Wishing for More than Kells Could Serve
The first bar I ever legally gained entrance to once I finished college and moved back home was Kells. I had never been to a proper Irish pub and the wall of scotches and liquors was impressive. Kells has been a stalwart of the bar scene on SW 2nd for years.
Kells is a study in dichotomies. On the weekends, and being young, this is the ideal place to meet young people who also seem to have just entered the real world. But if you look closer, as I happened to one night, I noticed also the intermingling of those who, much older, had experienced some of the real world already.
Often they sat alone at the bar or in pairs in the corner booths. One particular gentleman, dressed to the nines in a tailored suite, patiently nursed his drink and scanned the crowd. His face gave a look of a man forgotten, lost, and out of place. A man who probably once entered this bar much like I had on this night, the world in front of him, all things known and assured of himself and the place he would take in this world. But tonight, his face could not hide what I saw, a man still searching for his place in the world. A man seeking to forget that as we grow older, we know less than we ever thought we knew when we were so much younger and self-assured.

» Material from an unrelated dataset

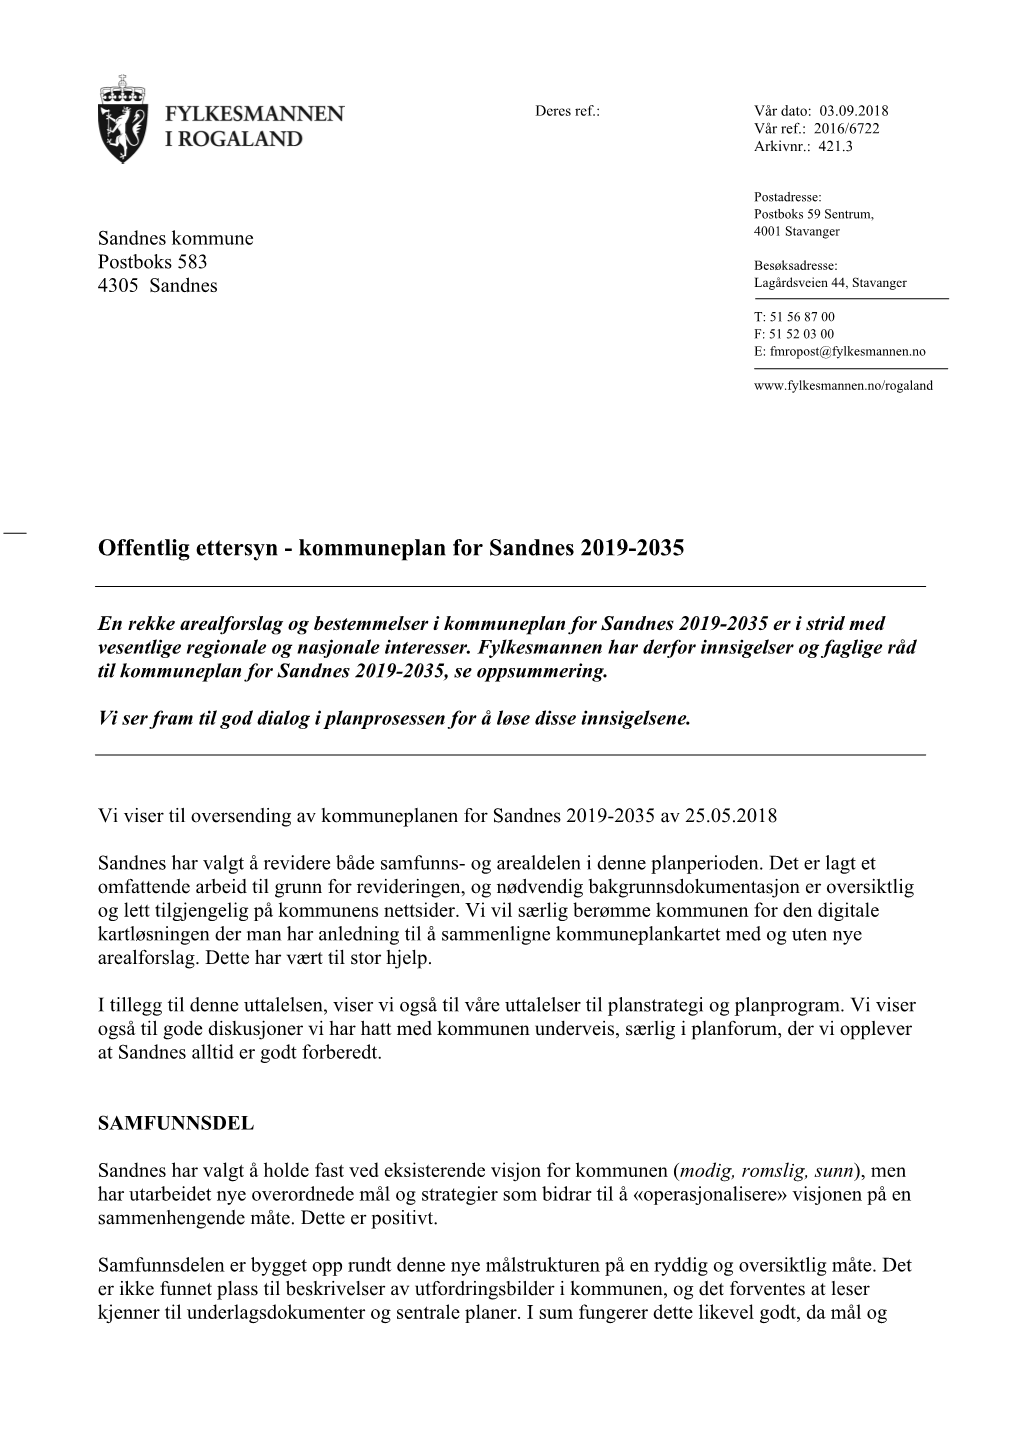 Offentlig Ettersyn - Kommuneplan for Sandnes 2019-2035

While my friends laughed, shared drinks and shots and beers, the lonely man with the tailored suit looked on. I don’t know if he believed in God, but I imagined that he and I shared our own belief in our own fear of living and dying a life too ordinary. I was 22 years old, and I began to wonder if I someday found myself in the same place as this man, could I at least take pride in owning a good suit, if only having lived a life too ordinary?